Disclaimer : Aucun des personnages ne m'appartient. Ils sont la propriété de l'auteure L.J Smith ainsi que des producteurs de la série, Julie Plec et Kevin Williamson !
Coucou les amis,
Et voici le nouveau chapitre. Je vous évite le bla-bla et vous souhaite une bonne lecture !
Mystic Falls !
Vicky sortit de la salle de bain en serviette uniquement, et tomba nez à nez avec Tyler.
« Tu veux qu'on en parle ? » demanda-t-il.
…
Enroulant ses cheveux dans une serviette, Vicky acquiesça et alla dans sa chambre. Tyler la suivit et ferma la porte derrière lui mais quand Vicky fit tomber la serviette qui masquait son corps nu, Tyler se détourna et attendit. Oui il l'avait déjà vu nue à plusieurs reprises mais il n'était pas là pour se laisser distraire. Surtout, il n'était pas prêt à reprendre son histoire avec Vicky. Encore moins si elle n'acceptait pas ce qu'il allait devenir.
« C'est bon tu peux te retourner. »
Alors il se retourna. Vicky avait revêtue un simple short et un t-shirt, et elle se séchait les cheveux avec sa serviette.
« Tu… tu as des questions ? » demanda Tyler. « Même si je ne suis pas le mieux placé pour y répondre. »
« Tu le sais depuis quand que t'es un loup-garou ? » demanda Vicky.
« Pas longtemps. » répondit-il. « Pour t'avouer la vérité, Rebekah m'a mit sous son contrôle au début pour espionner mon père et le Conseil. Quand j'ai su que j'étais un loup-garou et que le Conseil traquait les créatures surnaturelles et qu'ils espionnaient mes amis j'ai pas hésité une seconde. »
« T'es toujours sous son contrôle ? » demanda-t-elle.

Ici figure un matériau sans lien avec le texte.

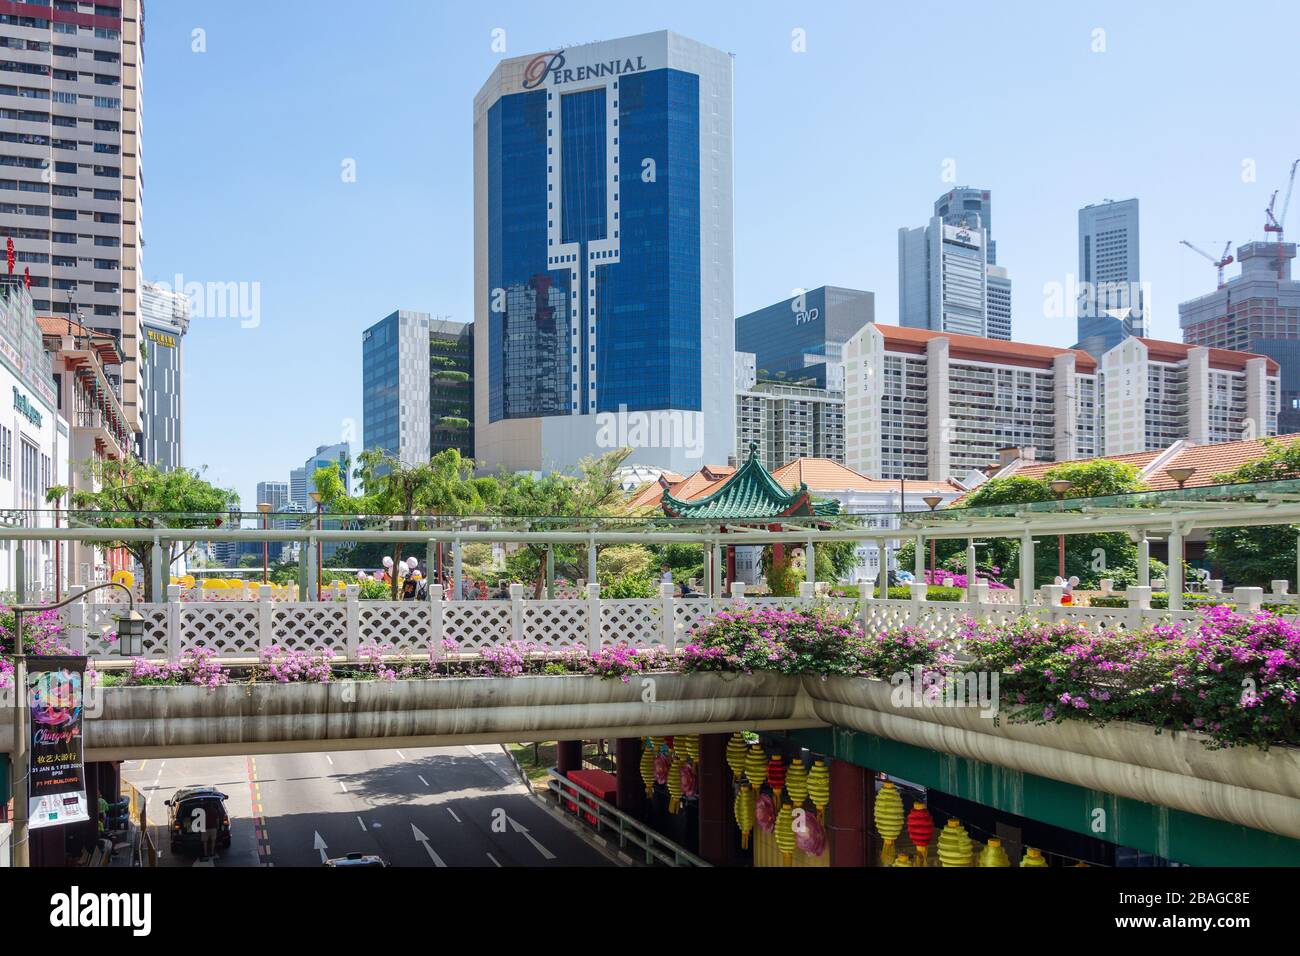 Chinese temple garden on pedestrian walkway, Eu Tong Sen Street, Chinatown, Republic of Singapore Stock Photo

« Non, je le fais de mon plein gré maintenant. » répondit-il. « Ecoutes, Vicky, tout ce que Rebekah a fait c'était pour qu'on arrête de se foutre en l'air, et ce n'est pas plus mal parce que je suis certain que Matt préfère que sa sœur arrête de se droguer. »
« Alors c'est elle qui m'y a forcé. » comprit Vicky.
« Ce n'est pas plus mal, Vic. Tu vas mieux, et moi aussi. » dit Tyler. « J'ai arrêté mes conneries et j'espère être assez fort pour tenir tête à mon père. SI je fais ça c'est aussi pour protéger ma mère. Dans quelques jours je vais subir ma première transformation et j'ai besoin de savoir que tu seras de mon côté, pas du leur. On a tous choisis un camp et c'est celui des Mikaelson. Et si Rebekah t'a avoué toute la vérité sur eux c'est parce que tu as permis d'éviter le pire à Elena, mais si tu penses que c'est trop à supporter alors accepte la proposition de Rebekah et laisse-la t'effacer la mémoire. »
« Pas question ! » refusa Vicky. Elle se prit la tête entre les mains l'espace d'une seconde. « Il n'est pas question que je laisse mon frère s'embarquer là-dedans tout seul. A moi de faire mon choix. »
Elle sortit de la chambre et regagna la cuisine. Matt et Rebekah n'avaient pas bougés de leurs chaises.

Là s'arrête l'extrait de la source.